In 1949, Leon Orris Jacobson and Egon Lorenz showed to the United States that intravenous injection of bone marrow extracts from a donor (D) mouse line, into a recipient (R) mouse line subjected to lethal irradiation, activated in the latter the restoration of bone marrow thus rescuing them from death. They believed they had discovered a humoral factor from within the donor mice, which potentiated the multiplication of hematopoietic precursors in the bone marrow of the recipient mice. Yet, John Loutit and Dirk Van Bekkum demonstrated that this “repairing factor” could be replaced by bone marrow cells. Instead of a hypothetical factor stimulating the proliferation of some stem cells spared by the irradiation, they showed that it was the injected stem cell graft, which multiplied and differentiated to restore the once destroyed bone marrow. Moreover, this graft was obtained with the transfusion of cells that were autologous (from the same animal), isogeneic (from another of the same inbred strain), allogeneic (from another strain), or even xenogeneic (for example cells of rats transfused into mice). All cases led to the rapidly progressive repair of bone marrow function and, simultaneously, its repopulation.
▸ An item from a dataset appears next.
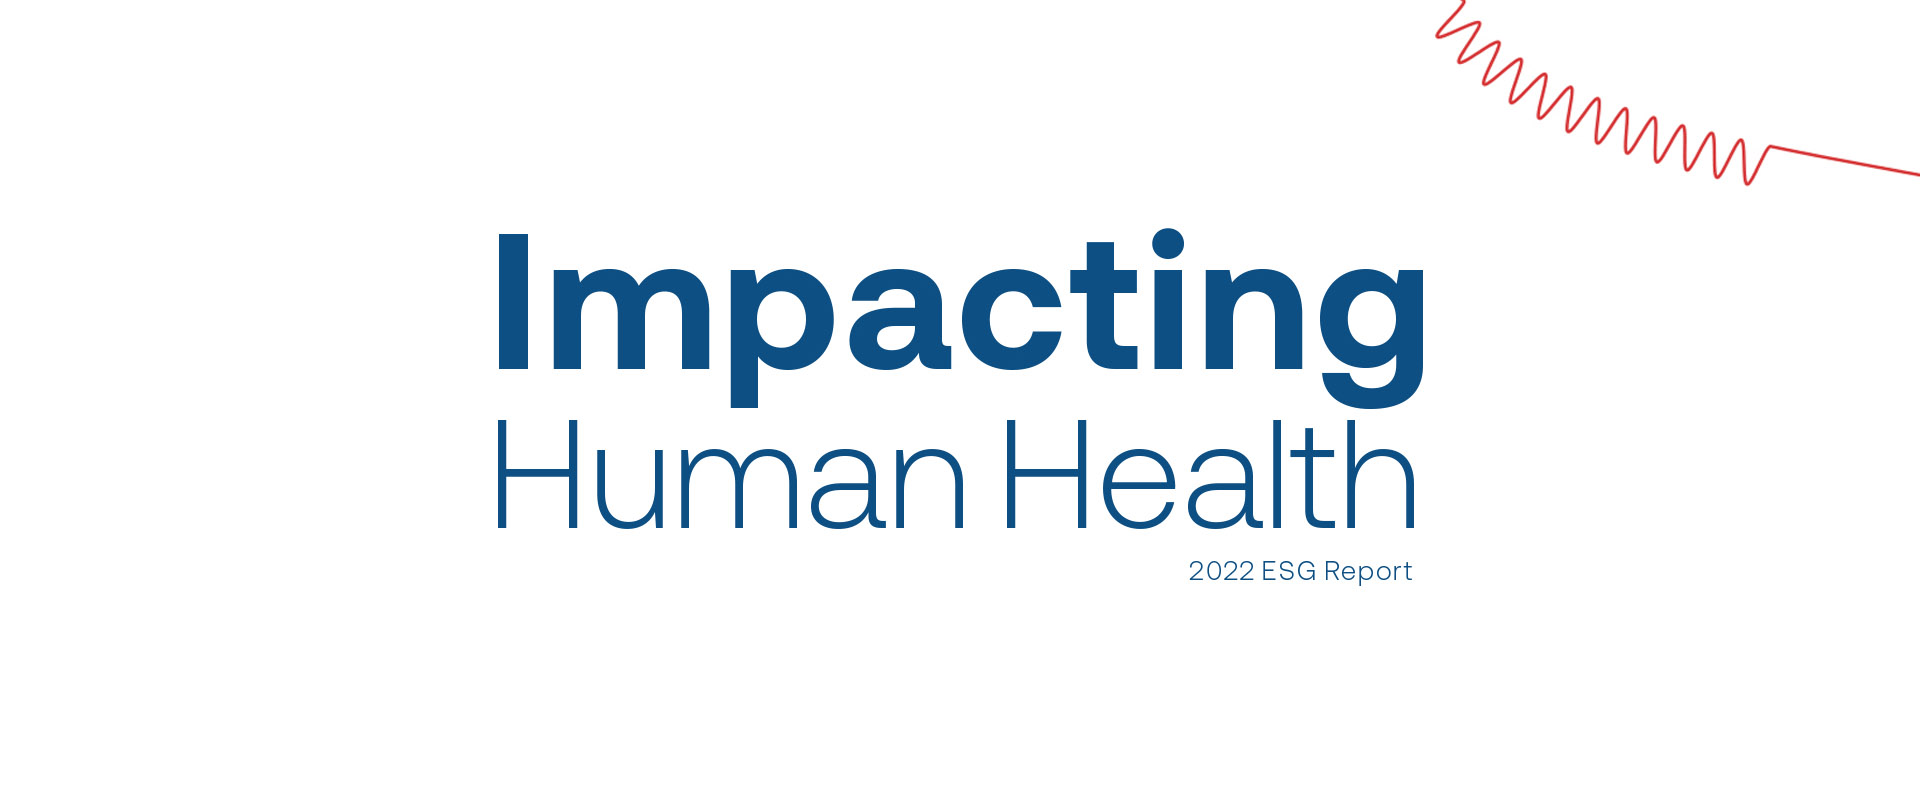 "impacting human health, 2022 ESG Report"

However, the graft of allogeneic cells provoked in the recipient an immune reaction of the donor lymphocytes against the recipient cells and tissues. This would develop into a serious disease of varying intensity but generally fatal, named the graft-versus-host disease (GvHD) characterized by a complex syndrome associating digestive, skin, cardiac, respiratory, hematological and immunological signs. What remained unclear was whether this reaction also concerned the tumor cells, known at the time to be destroyed by non-specific yet strong immunological shock. In other words, it remained unclear as to whether the GvH reaction accompanied reactions of the graft against leukemia (GvL) or tumor (GvT) cells.
In the late 50s, Georges Mathé thus committed himself to researching the potential use of bone marrow transplants in the treatment of leukemia. In a patient with leukemia already treated by chemotherapy, what remained to be determined were the methods of choosing the best donor, the correct dose of irradiation to precede the transplant, and the intensity of the GvH and GvL reactions.
Mathé started by comparing the conditions of application in humans to the results acquired in animals, in particular the dosimetries in mouse and human and the role of blood transfusions prior to the bone marrow transplantation. The prior introduction of mature allogeneic bone marrow-derived cells into the organism permitted the later transplanted graft to induce reactions conserved in the organism’s memory and thus to activate unexpectedly intense and poorly controllable responses.